On 11/09/2010 19:27, Robin Humble wrote:> Hey Dr Stu,
>
> On Sat, Sep 11, 2010 at 04:27:43PM +0800, Stuart Midgley wrote:
>> We are getting jobs that fail due to no space left on device.
>> BUT none of our lustre servers are full (as reported by lfs df -h on a
client and by df -h on the oss''s).
>> They are all close to being full, but are not actually full (still have
~300gb of space left)
> sounds like a grant problem.
>
>> I''ve tried playing around with tune2fs -m {0,1,2,3} and
tune2fs -r 1024 etc and nothing appears to help.
>> Anyone have a similar problem? We are running 1.8.3
> there are a couple of grant leaks that are fixed in 1.8.4 eg.
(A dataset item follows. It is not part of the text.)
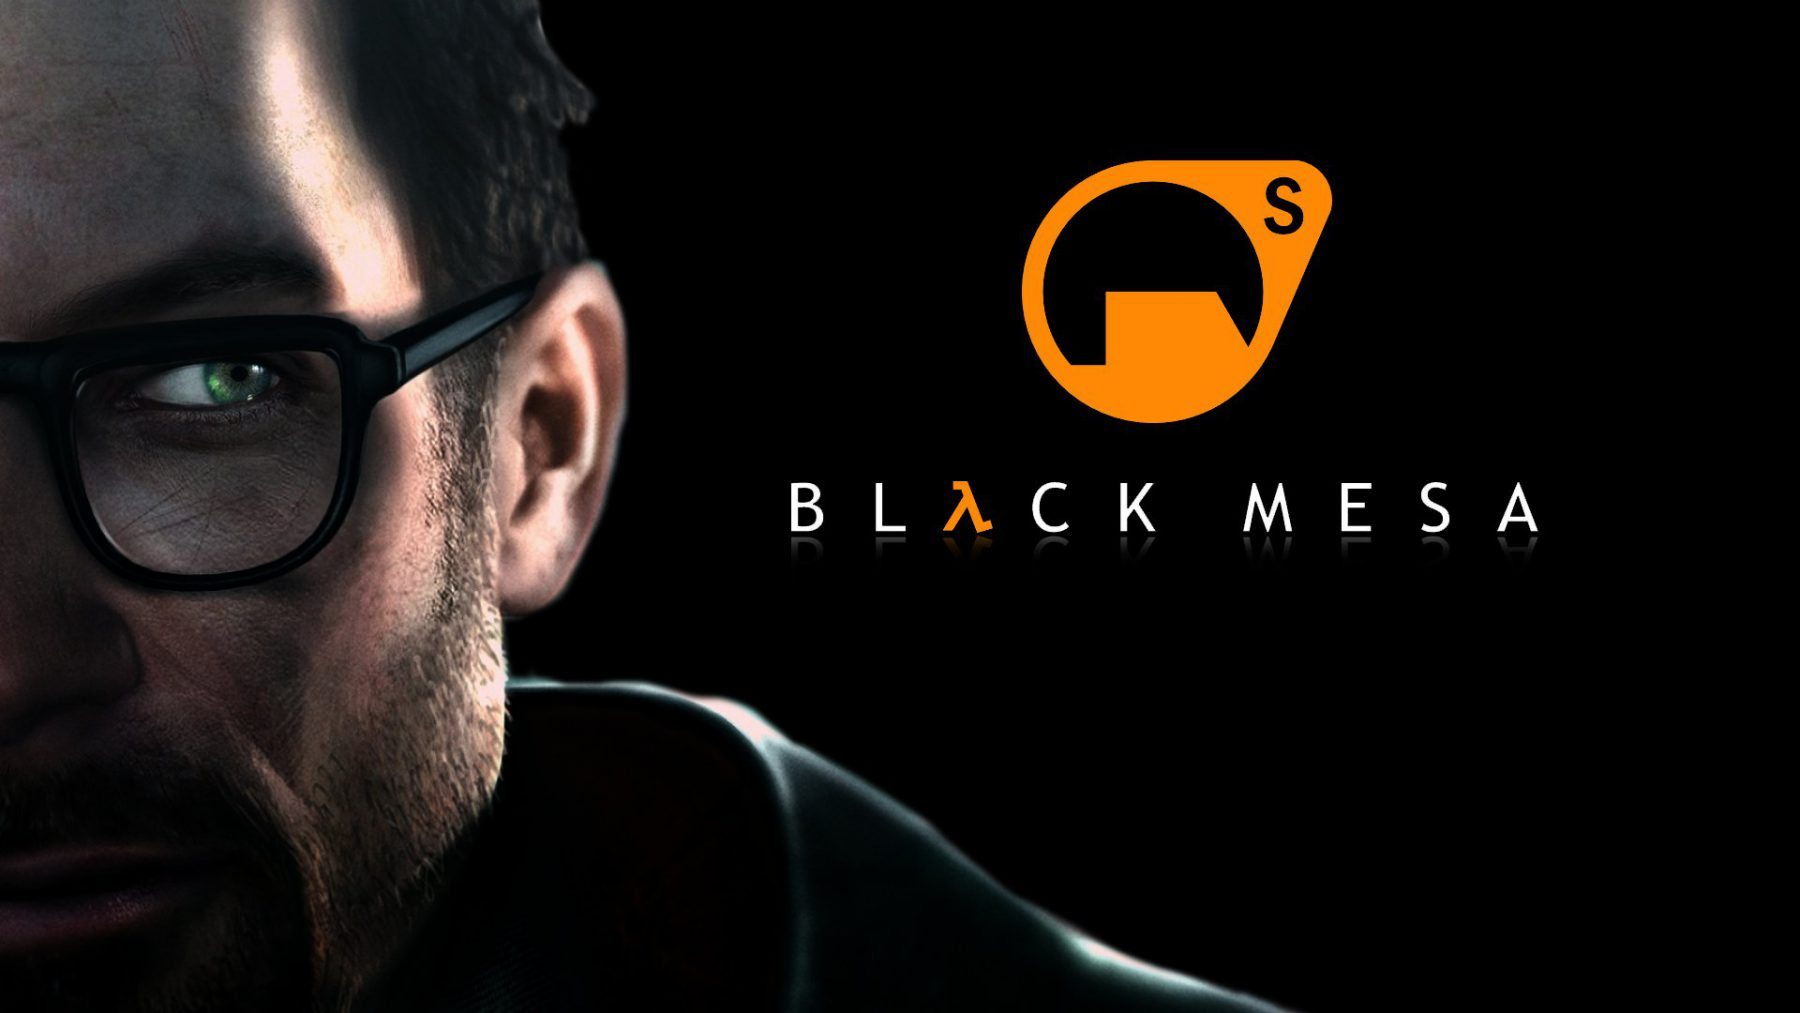 black_mesa_wallpaper_1920x1080-game0-img225506

> https://bugzilla.lustre.org/show_bug.cgi?id=22755
> or see the 1.8.4 release notes.
>
> however the overall grant revoking problem is still unresolved AFAICT
> https://bugzilla.lustre.org/show_bug.cgi?id=12069
> and you''ll hit that issue more frequently with many clients and
small
> OSTs, or when any OST starts getting full.
>
> in your case 300g per OST should be enough headroom unless you have
> ~4k clients now (assuming 32-64m grants per client), so it''s
probably
> grant leaks. there''s a recipe for adding up client grants and
comparing
> them to server grants to see if they''ve gone wrong in bz 22755.
>
Per BZ 22755, comment #96
(https://bugzilla.lustre.org/show_bug.cgi?id=22755#c96), you can arrest
the grant leak by changing the "grant shrink interval" to a large
value
(if you want to reset the server side grant reservation, you will have
to remount the OSTs). We have applied this work-around to our system
with good results. We have been monitoring our file systems with Nagios
and have not encountered a repeat of this problem.
Malcolm.